Institution: Institut Teknologi Sumatera (ITERA)
Study Program: Informatics Engineering
Author: Nikola Arinanda
Year: 2026
Abstract
This project uses TextCNN architecture to analyze YouTube comments sentiment. Initially, the data will go through preprocessing stages such as data division (80:20), case folding, text cleaning, augmentation (AEDA, random swap character, random delete character), tokenization and stopword removal to prepare the data. The next step is model training using k-fold cross-validation as many as 5 fold to ensure robustness and good generalization. Final step is model evaluation using confussion matrix such as accuracy, precision, recall and F1 score.
Project Structure
tugas-akhir-main/
├── dataset/
│ ├── k_fold.json # k-fold cross-validation dictionary
│ └── cyberbullying.csv # Original dataset
├── code/
│ ├── datareader.py # Data loader and preprocessing
│ ├── model.py # Model architecture
│ └── train.py # Main script for model training
├── model_outputs/
│ ├── run_YYYYMMDD_HHMMSS/
│ │ ├── fold_1_model.pth # Model output
│ │ ├── fold_2_model.pth # ...
│ │ ├── fold_3_model.pth
│ │ ├── fold_4_model.pth
│ │ ├── fold_5_model.pth
│ │ └── ...
│ └── ...
└── report/
│ └── thesis.pdf # Documentation and reports
└── requirements.txt # Python dependencies
Environment Setup
Prerequisites
This project requires:
- Python: 3.8 or higher (tested with Python 3.9+)
- CUDA: Optional (for GPU acceleration)
System Requirements
- RAM: Minimum 8 GB (recommended 16 GB)
- Storage: Minimum 10 GB (for model and dataset)
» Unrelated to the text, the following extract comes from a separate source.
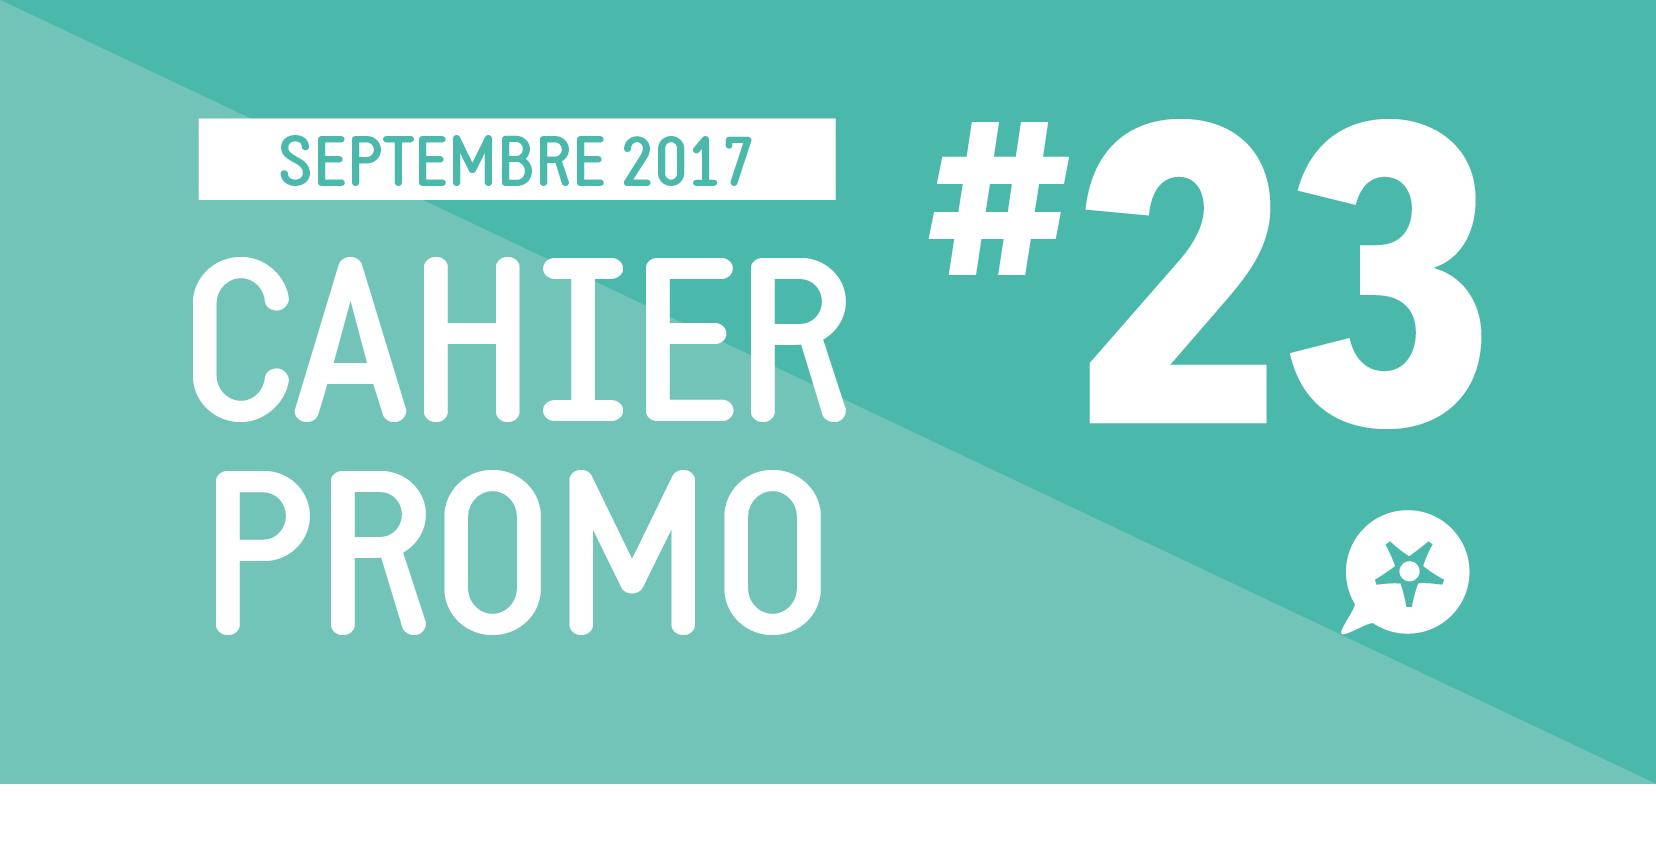 CAHIER PROMO SEPTEMBRE 2017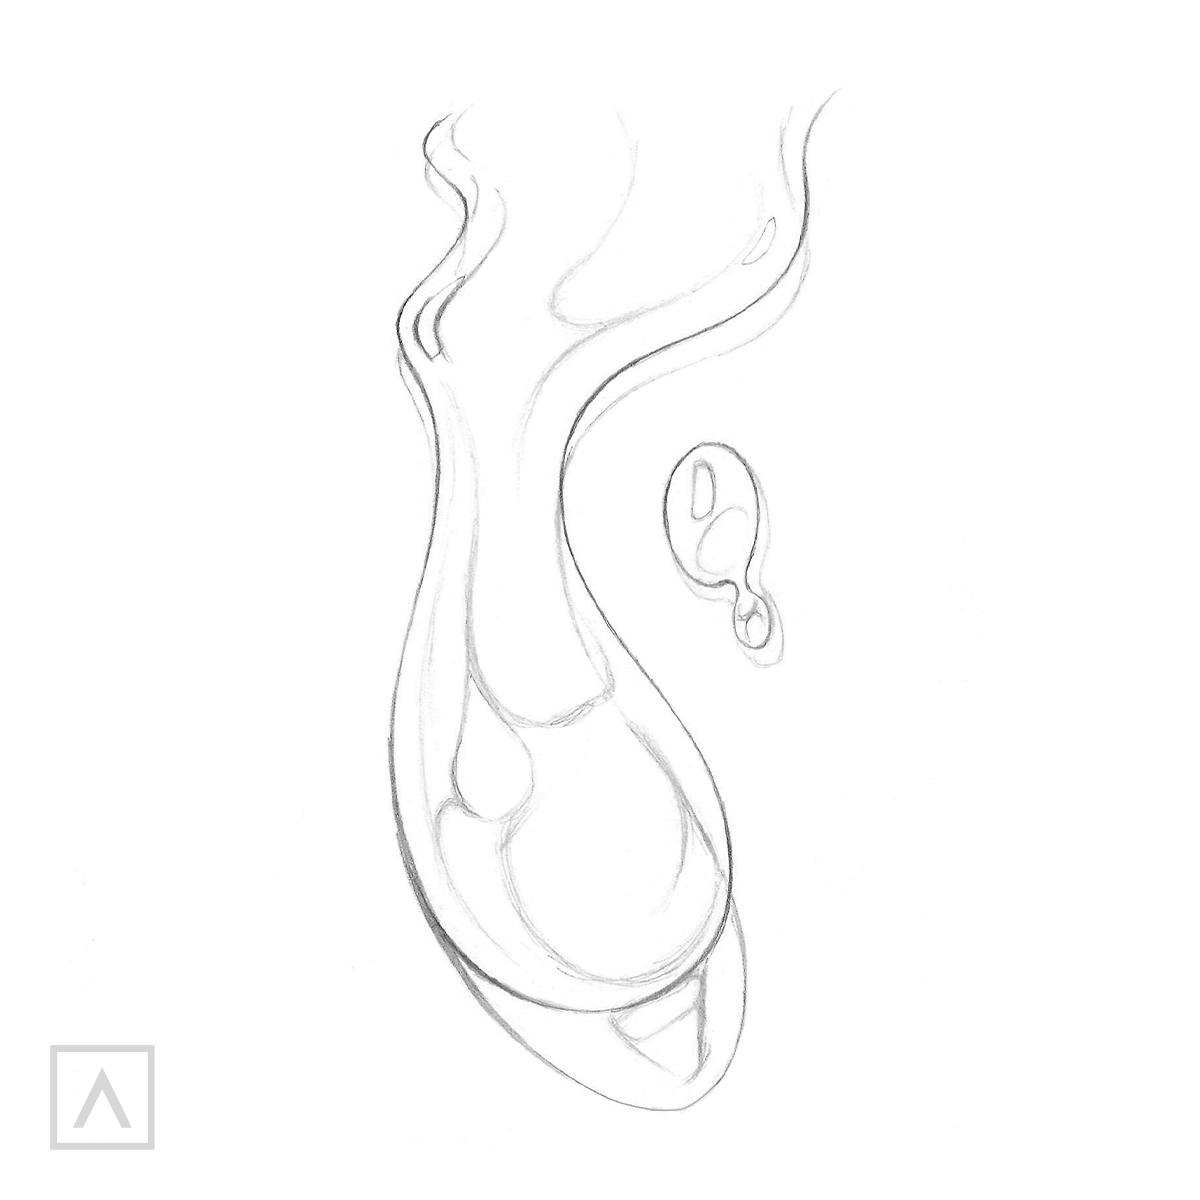 Image of a tear step 3

- GPU: Optional, but highly recommended for faster training
Dependencies
All dependencies are listed in the requirements.txt file. Main libraries:
| Library | Version | Purpose |
|----------------|----------|--------------------------------------|
| torch | >=2.0.0 | Deep learning framework |
| pandas | >=1.5.0 | Data manipulation |
| numpy | >=1.23.0 | Numerical computing |
| matplotlib | >=3.7.0 | Data visualization |
| seaborn | >=0.12.0 | Statistical visualization |
| scikit-learn | >=1.2.0 | Machine learning utilities |
| transformers | >=4.30.0 | NLP models (IndoBERT, etc.) |
| nltk | >=3.8.0 | Text preprocessing |
| tqdm | >=4.65.0 | Progress bar |
| wandb | >=0.15.0 | Experiment tracking |
For the complete list, see requirements.txt
Installation & Setup
Step 1: Clone Repository
git clone https://github.com/nikolaarinanda/tugas-akhir.git
cd tugas-akhir
Step 2: Create Virtual Environment
It is highly recommended to use a virtual environment to avoid dependency conflicts. Using venv (built-in python):
# Linux/Mac
python3 -m venv venv
source venv/bin/activate
# Windows
python -m venv venv
venv\Scripts\activate
Using conda:
conda create -n youtube-sentiment python=3.9
conda activate youtube-sentiment
Step 3: Install Dependencies
# Upgrade pip to the latest version
pip install --upgrade pip
# Install all requirements
pip install -r requirements.txt
Note for PyTorch with GPU: If you want to use GPU, install the CUDA-specific version of PyTorch:
# For CUDA 11.8
pip install torch torchvision torchaudio --index-url https://download.pytorch.org/whl/cu118
# For CUDA 12.1
pip install torch torchvision torchaudio --index-url https://download.pytorch.org/whl/cu121
Dataset Information
The dataset consists of TikTOk comments in Indonesian language which comes from this research with labels:
- Cyberbullying (-1): Insult/embarrass content comments
- Non-cyberbullying (1): Normal/clear content comments
Dataset Format
The dataset cyberbullying.csv has the following columns:
| Column | Type | Description |
|---|---|---|
| sentiment | Integer | label (-1 cyberbullying, 1 non-cyberbullying) |
| comment | String | Comment content |
Model Architecture
TextCNN Text Classifier
SEDepthwise TextCNN Text Classifier
Key Components:
- Embedding: Converts token IDs into dense vectors (IndoBERT tokenizer compatible)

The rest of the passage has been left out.